Подумав так, я аккуратно выдвинул верхний ящик стола. Там лежала только одна тетрадь, служившая матери, насколько я понял, записной книжкой. Сейчас практически все используют электронные дневники, но маме всегда нравилось писать от руки — она по праву гордилась своим каллиграфическим почерком.
Едва ли в этой тетрадке содержались ценные сведенья — для этого существуют электронные архивы, но я все равно, повинуясь внезапному порыву, открыл её и пролистал.

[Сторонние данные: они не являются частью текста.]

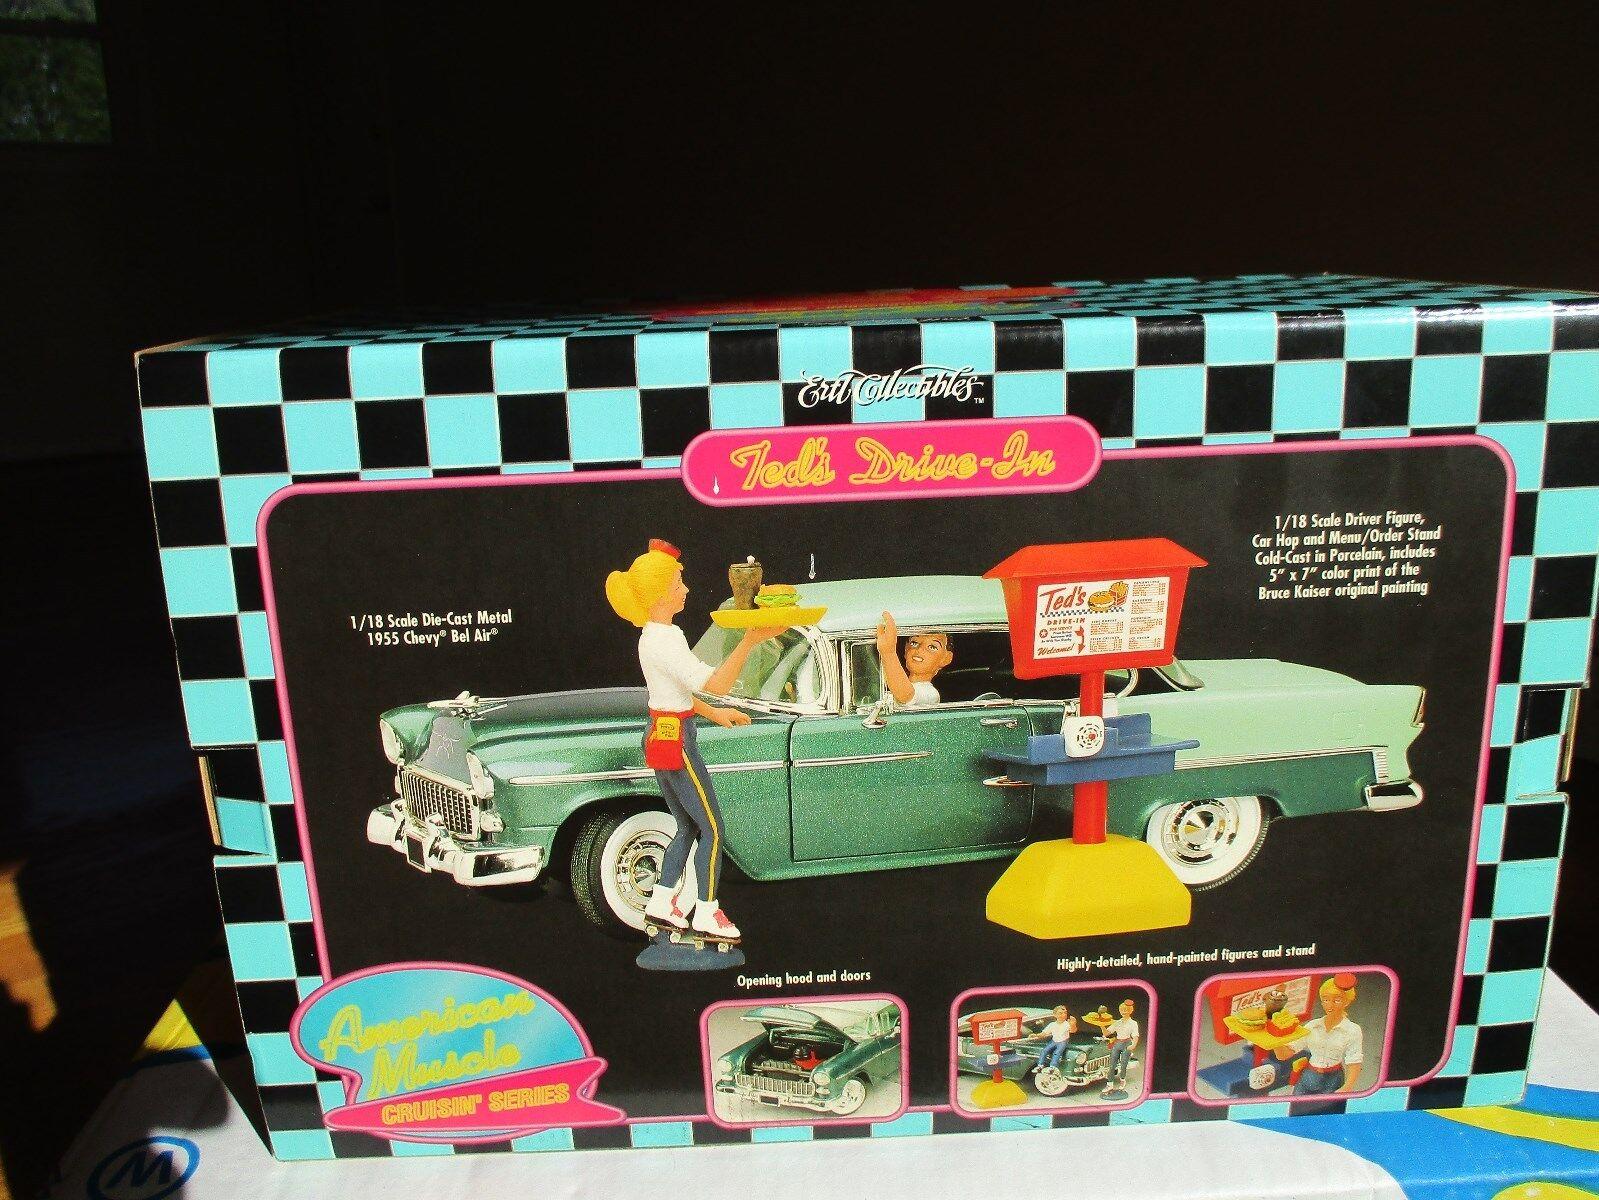 1 18 Die Cast & Porcelana Ertl Diorama  Ted's Drive-in  Menta En Caja Difícil de encontrar

Пролистал? Кого я обманываю? Я читал все, не в силах оторвать взгляда от маленьких, аккуратных и чуть закругленных букв. И плевать было, что в основном мне попадались обыденные заметки, вроде: «Совещание завтра в десять ноль-ноль» или «Не забыть разобраться с базами данных». Да у каждого делового человека есть подобные записи! Но я все равно читал, одними губами проговаривая эти простые слова. Ведь они были написаны рукой мамы и отражали какую-то часть её жизни. Правда, исписаны были лишь первые страницы — наверное, книжка была совсем новой, или мама очень редко делала записи, предпочитая держать информацию в голове.
То и дело заметки разбавляли рисунки-наброски, сделанные простым карандашом или обыкновенной ручкой. Затейливые узоры, деревья, облака, орнаменты из цветов и листьев.
«Сколько лет прошло, а она так и не избавилась от своей детской тяги к художеству, — подумал я, с грустной улыбкой разглядывая очередную картинку. — Хотя, почему от нее нужно избавляться?»
Как-то раз мама сказала мне, что, погрузившись в раздумья, часто неосознанно рисует — это помогает ей структурировать мысли.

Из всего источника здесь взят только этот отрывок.